AA: Revisited Adalberto Kemeny and Rudolpho Rex Lustig's magnificent São Paulo, a symphonia da metrópole, comprehensively covered by Eva Hielscher in her program note above. The Walther Ruttmann formula works very well in São Paulo, and the film looks very different since São Paulo is different.

Again, as usual in the beginning of city symphonies, we are are on silent streets at night, in the early morning hours. There is the odd streetcar and random wanderers, paperboys and ice deliverers. Soon there is a rush. The streets are wet after cleaning. There are timecards, factories, industries, foundries. A big crowd, a huge square, snapshots of life, the market, transport, wooden crates, banks open, kindergartens and schools start, children are playing and eating, big town cars of the best families are on the move. We observe the coffee trade, the radio, the high masts, and a visual impression of the radio is created via montage. There is a vertigo of modern civilization. The montage accelerates to Vertovian dimensions. There is a cubistic approach and a kaleidoscopic impression of traffic.

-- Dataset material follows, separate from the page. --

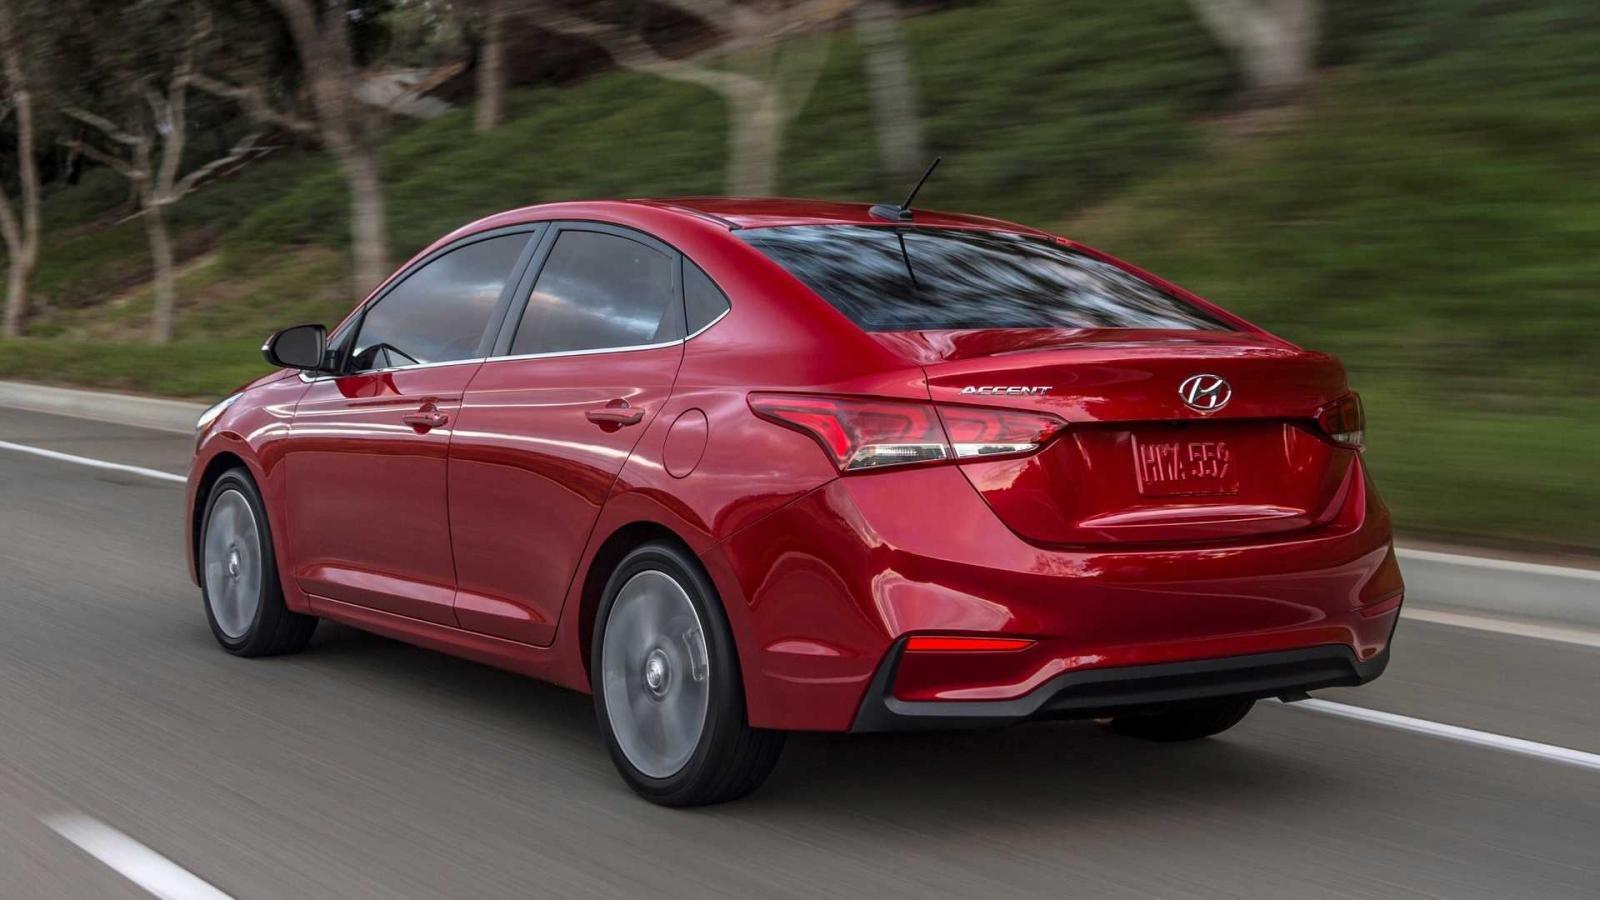 Giá xe Hyundai Accent 2020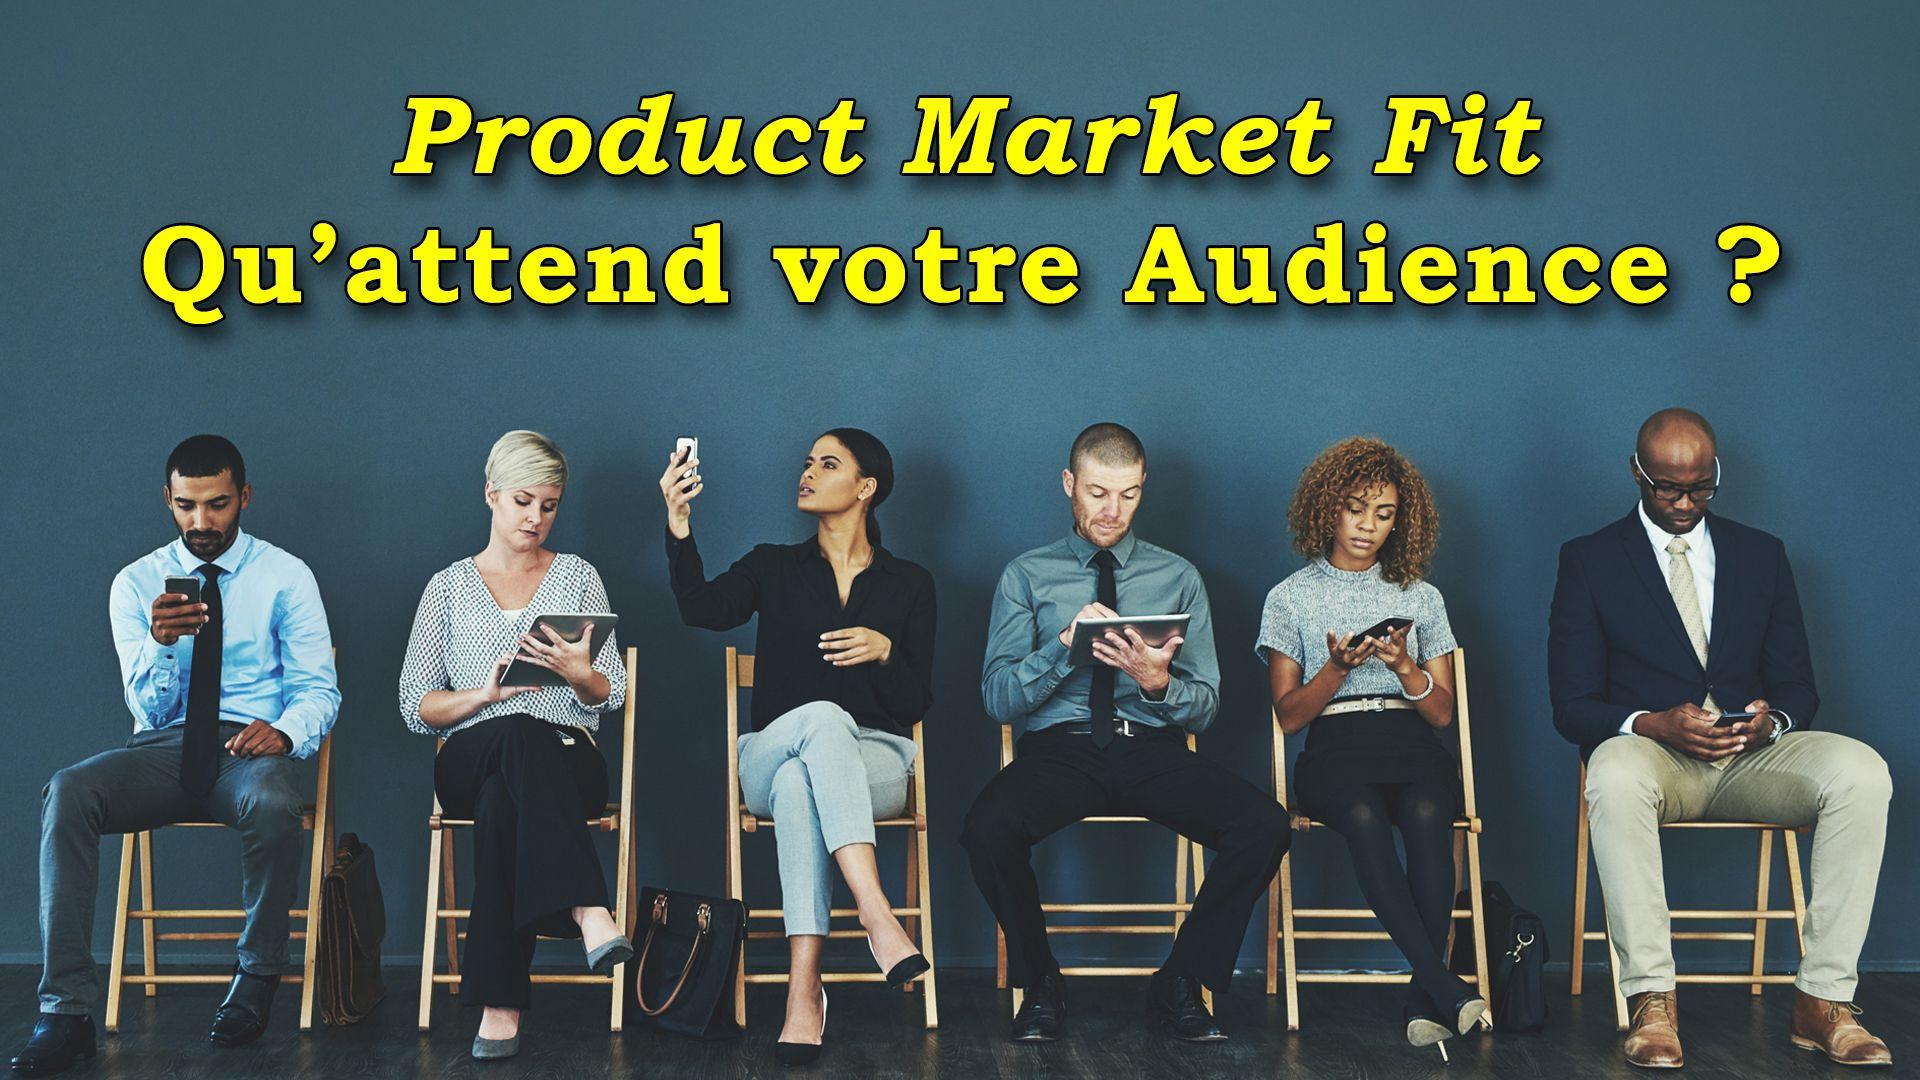 Product Market Fit : Qu'attend votre Audience ? #GrowthHacking #WebMarketing #FormationGrowthHacking #CentreDeFormationFrance #TunnelAARRR #AARRR #SocialMedia #CommunityManagement #SEO

The lunch hour. Extreme high angles dramatize construction sites. We see some of the united colours of Brazil. Universities are old. Postal distribution is working. There is a montage of clocks. The press observes the world with its eagle eyes 24 hours a day. Split screens dramatize the concept of the media. Printing presses are at work. The communications association spreads to trains: "iron nerves cut the state in all directions".

A special dossier is dedicated to the Instituto Butantam where venomous snakes and spiders are examined for use in medicine. Another special dossier is dedicated to rehabilitation programs at the penitentiary system. Work disciplines goodness. A further special dossier focuses on the history of Brazil. The proclamation of independence is seen in a historical re-enactment.

Municipal works, skyscraper building, steel industry and road construction sites are on display. The montage escalates to abstract animated flicker. Spiral and caleidoscopic forms emerge. There is an aspect of a Vertovian symphony of industry.

From industry we switch to the beauty of nature and leisure, a montage of animals, sport culture, spleen of the city, and horseback riding. Long shadows are falling on the city when evening comes. The sun sets. Airplanes, a zeppelin, and a telescope are seen.

São Paulo, a symphonia da metrópole received the biggest laughter of the festival. After a perfect finale there came another finale, and another, and another, and another, each one of the added ones in a provincial-nationalistic tone out of tune with the film proper, apparently added by various authorities. Finally there is an hourglass, a revolving globe, and the Brazilian seal with the catchword Ordem e Progresso. FIM.

Art titles, a mobile camera, and exciting angles make this a lively experience. I think this was the best viewing I have had of this film; the visual quality is often good, and sometimes in low contrast.